The two of us drove like that for a while, passing through a long stretch of trees. A car was behind us, but I didn’t think much of it.
I felt a little lightheaded, my mind buzzing with everything that had happened — Val beating the shit out of me, the two of us getting the Godkiller and my own sword, him killing all those dealers and then Demersi talking to us in his office.
It was Stellavia who really stuck in my head, though. I hadn’t thought about it when I was standing next to her — I’d been too afraid at the time. But she was beautiful. She might’ve been the most beautiful creature I’d ever seen, with those stars moving across her body.
I noticed the same car in the rear-view mirror. It was unmistakable: a bright baby blue Chevrolet Bel Air. In fact, I thought it might have been following us ever since we’d left Demersi’s.
“Don’t look back,” I told Val.
“That’s right,” he said. “Don’t feel so many regrets.”
“No,” I said. “Literally. Don’t look behind you.”
“Why?” he barked. “What the fu–”
“Somebody following us.”
“I think,” I said. “I’m never sure about anything.”

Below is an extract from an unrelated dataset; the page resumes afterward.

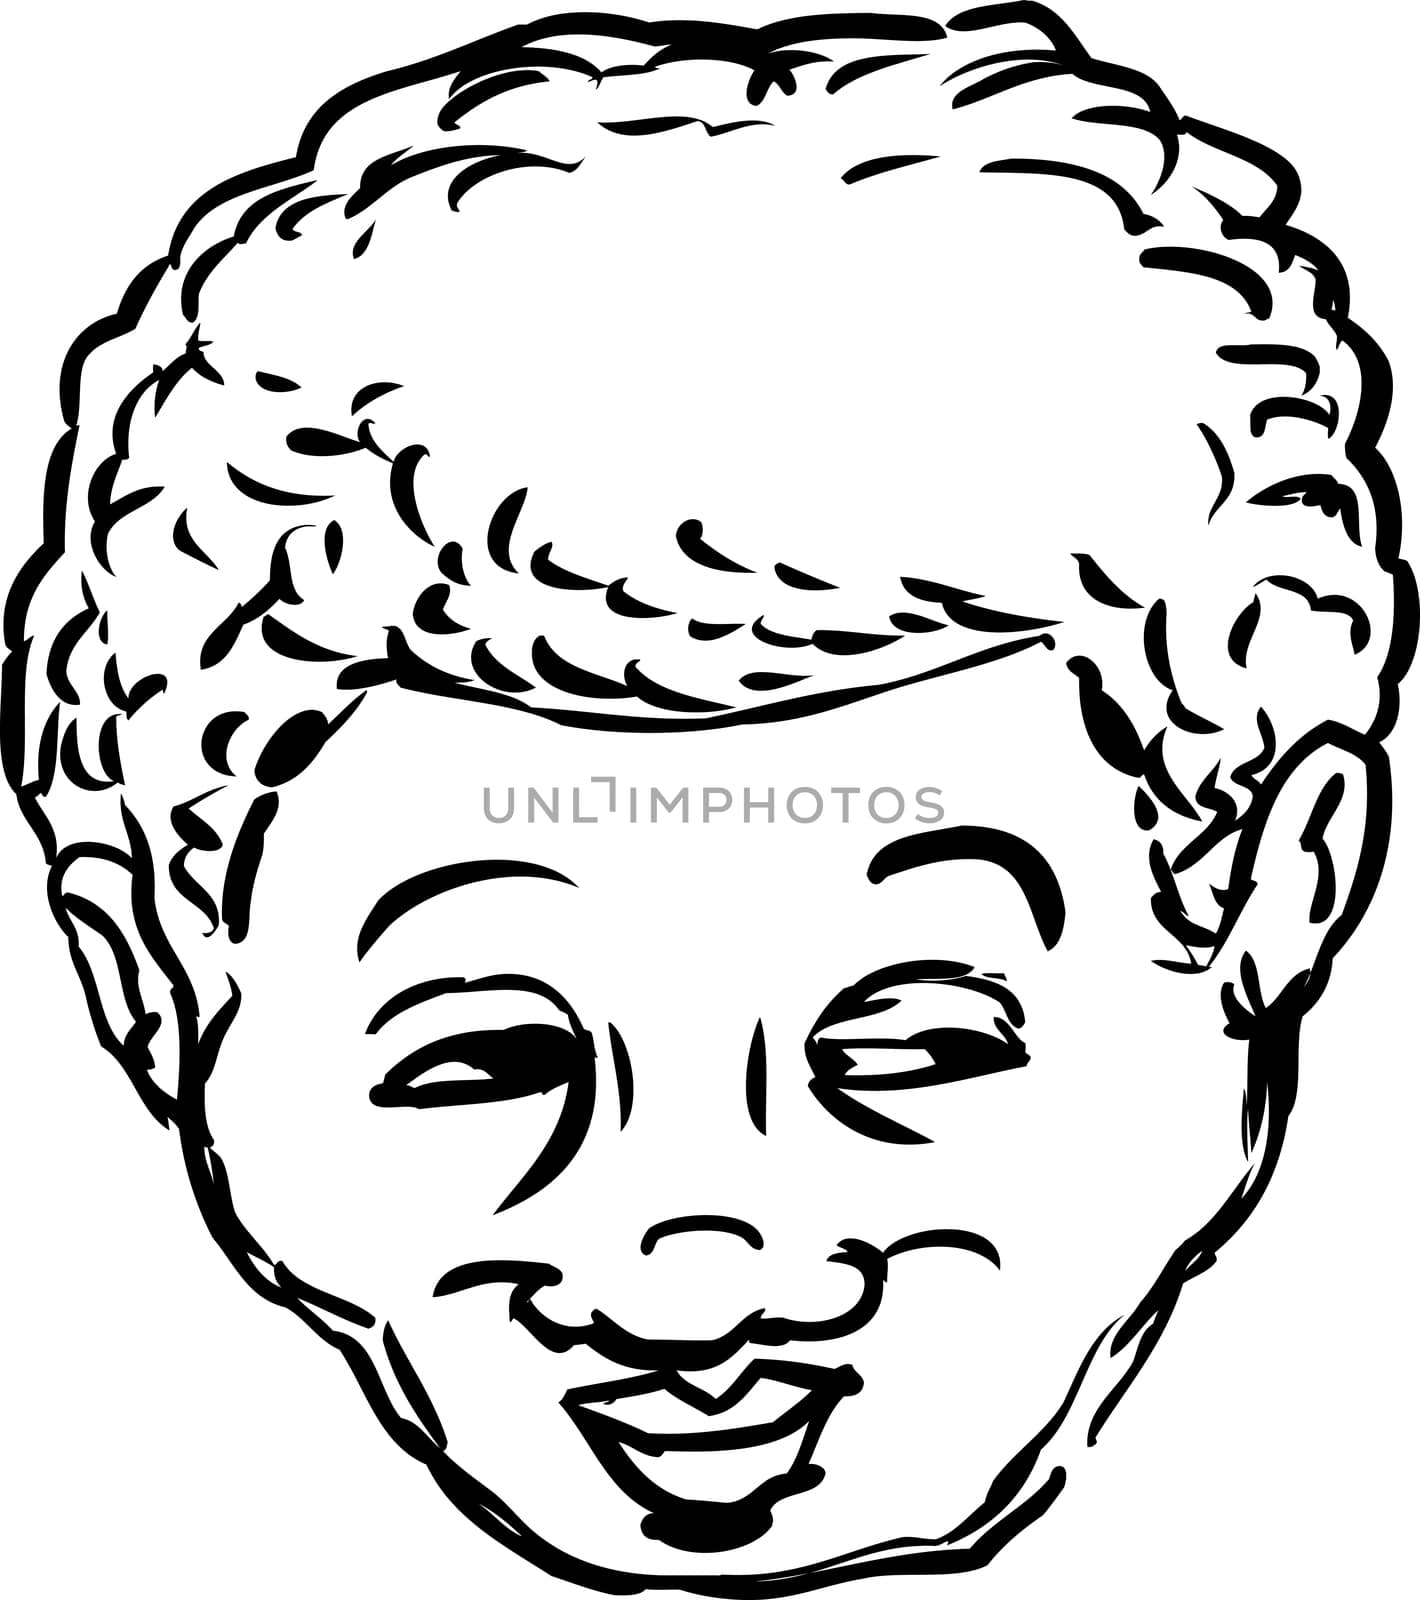 Outlined single isolated head of grinning middle aged Black man looking over

Val laughed, shaking his head.
“Least I’m honest,” I said, feeling fear roll its way up my spine. There was no time for self doubt. I felt like I might die.
“The car behind us?” he asked.
“Told you not to look back.”
“It’s not abnormal to look through the rear-view mirror,” he said. “There’s no reason to–”
The car swerved. I screamed. We hit a tree.